REQUIRED ACTION.
Nothing in the listing should be altered when it is copied, and no picture goes into the copy.

INPUT DATA.

-------------------------

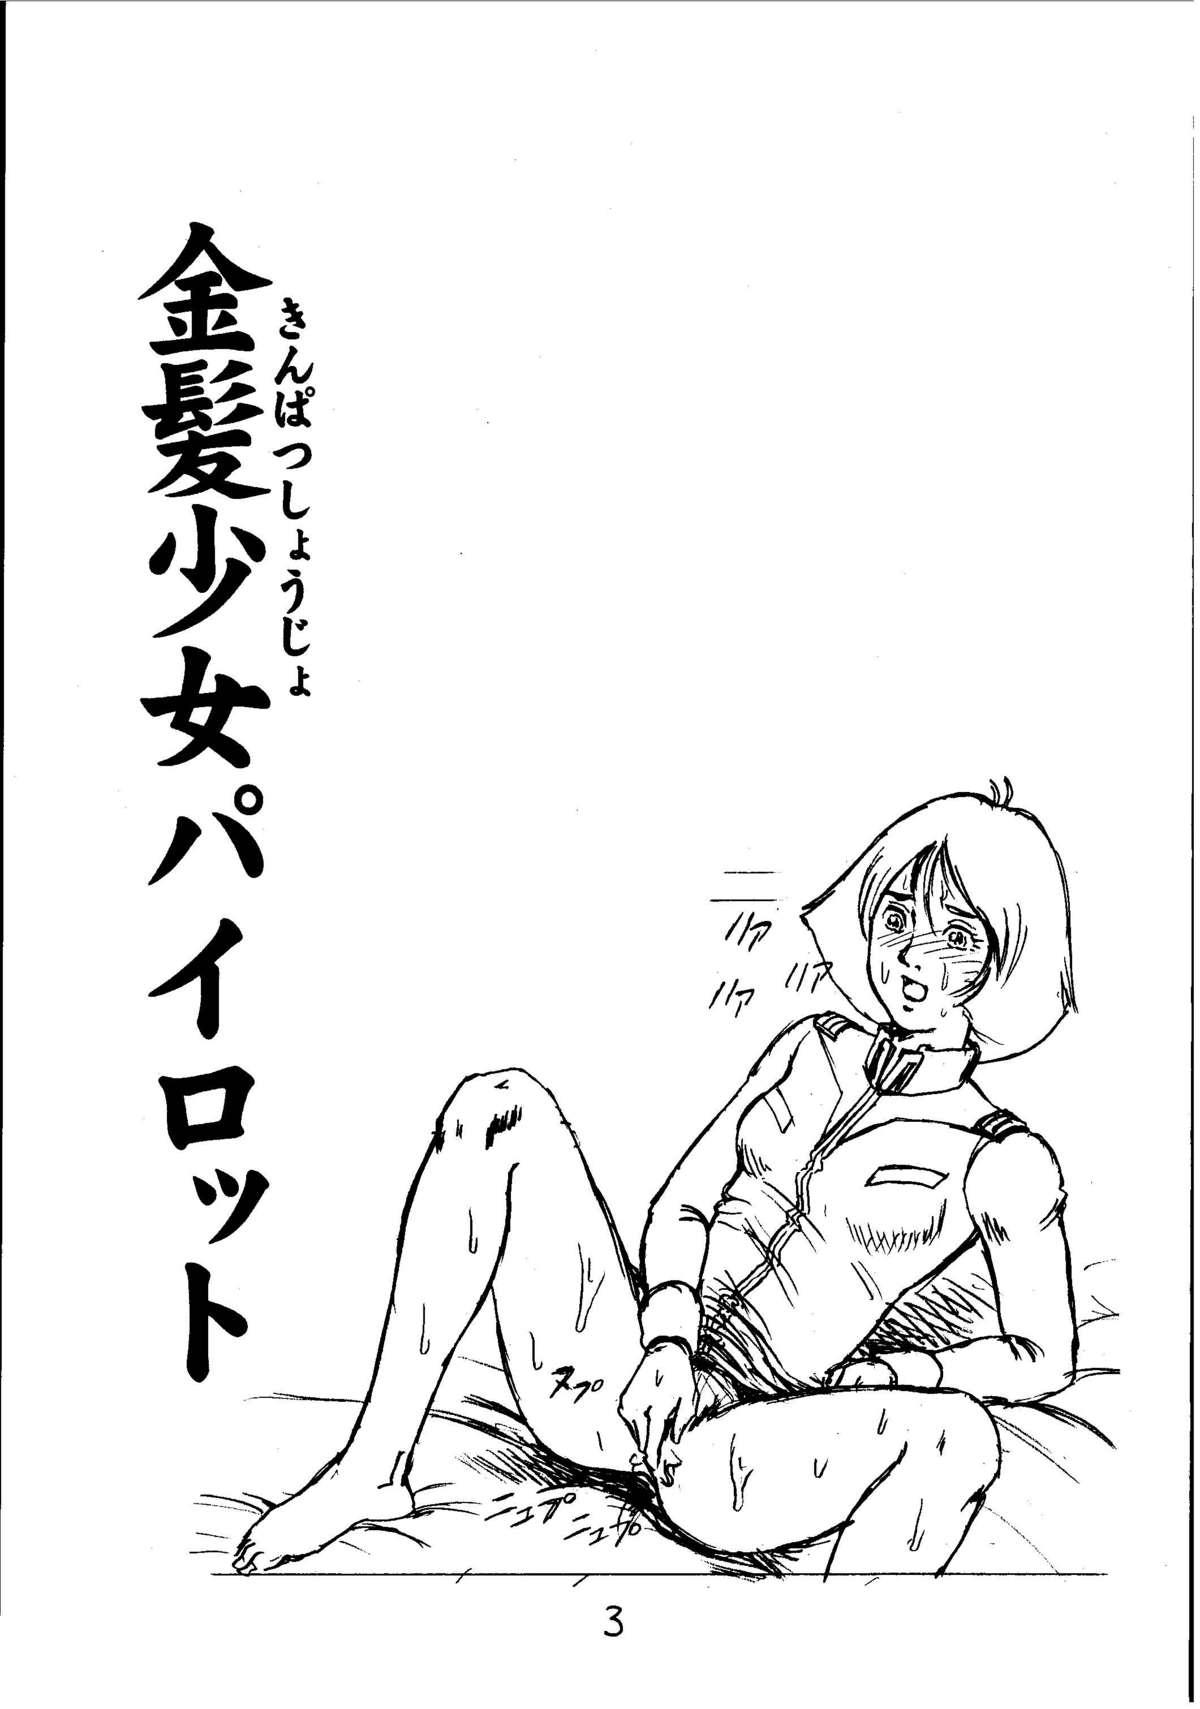 Dirty Kinpatsu Shoujo Pilot - Mobile suit gundam Animated - Page 2
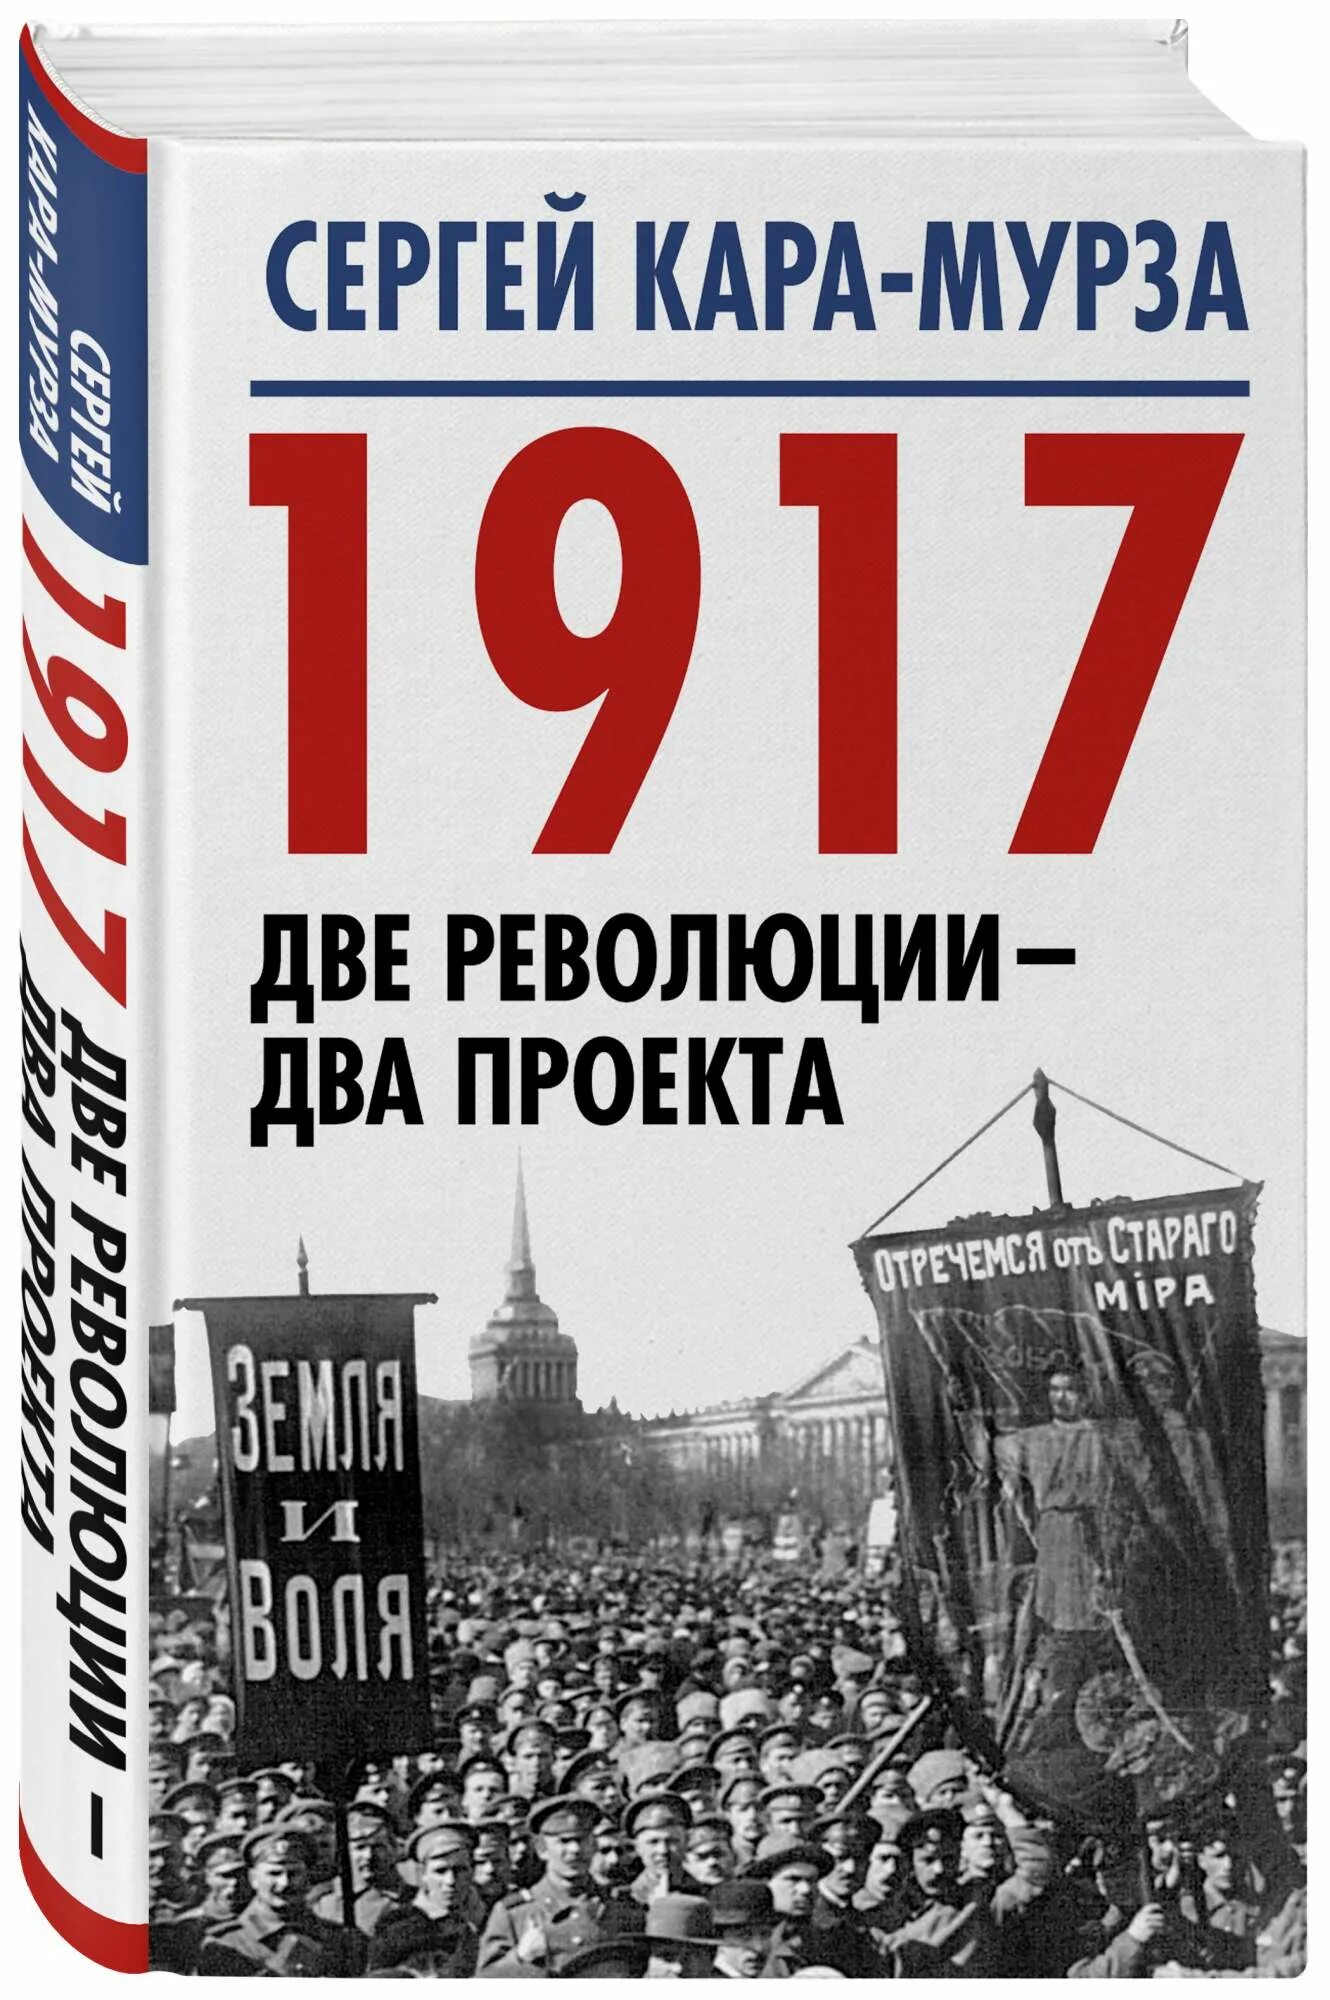 Две революции 1917. Книга 1917 года. Две революции книга. Революция 2 12
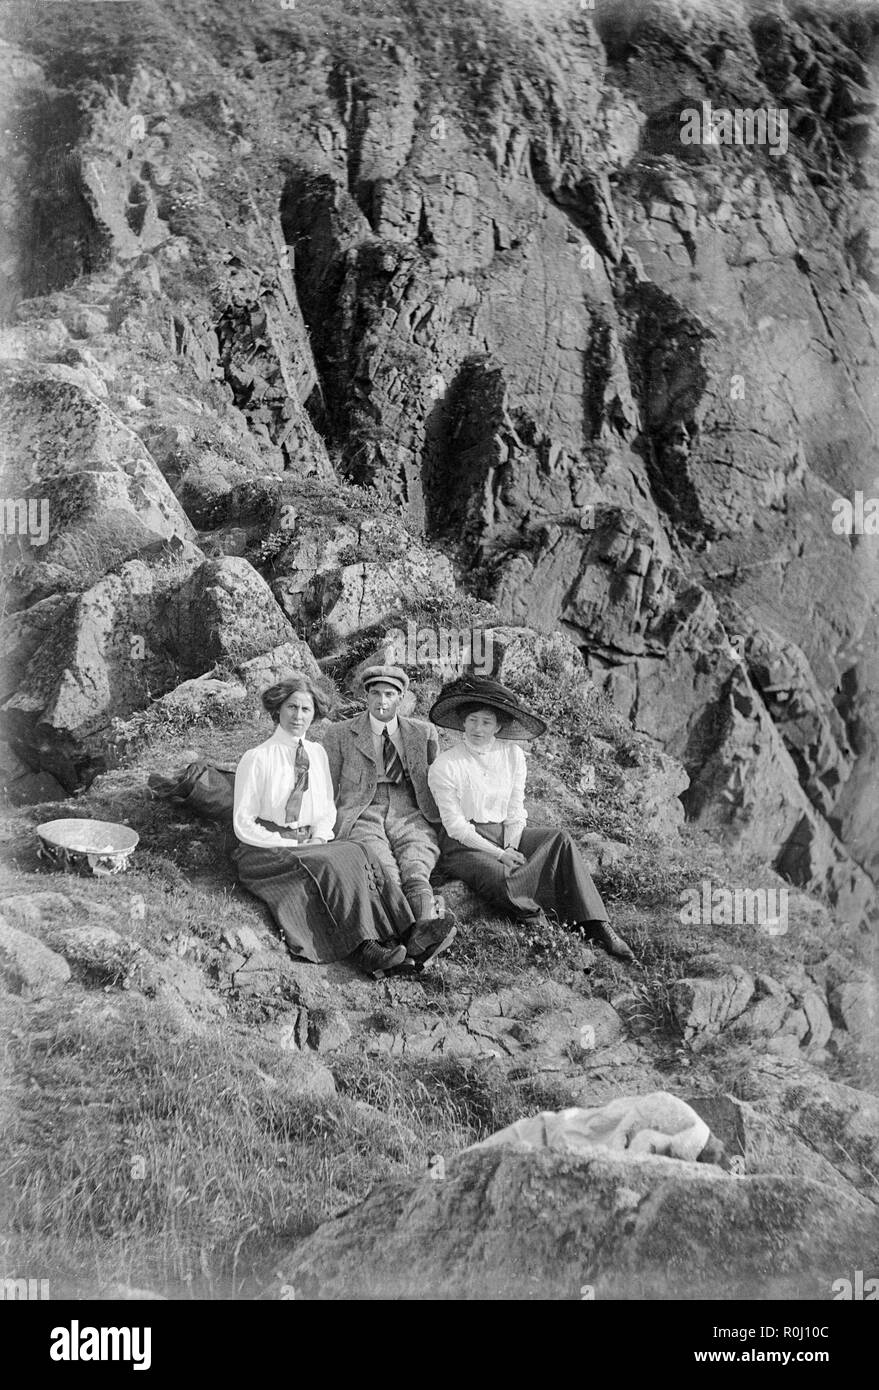 Edwardian schwarz-weiß Foto, ein junger Mann und zwei junge Frauen, sitzen auf dem Boden einer felsigen Klippe, irgendwo in England. Alle tragen Kleidung in guter Qualität der Ära. Eine Frau trägt einen sehr großen Hut, typisch für die edwardianische Zeit. Stockfoto

-------------------------

REPLY.
 Dirty Kinpatsu Shoujo Pilot - Mobile suit gundam Animated - Page 2
 Две революции 1917. Книга 1917 года. Две революции книга. Революция 2 12
 Edwardian schwarz-weiß Foto, ein junger Mann und zwei junge Frauen, sitzen auf dem Boden einer felsigen Klippe, irgendwo in England. Alle tragen Kleidung in guter Qualität der Ära. Eine Frau trägt einen sehr großen Hut, typisch für die edwardianische Zeit. Stockfoto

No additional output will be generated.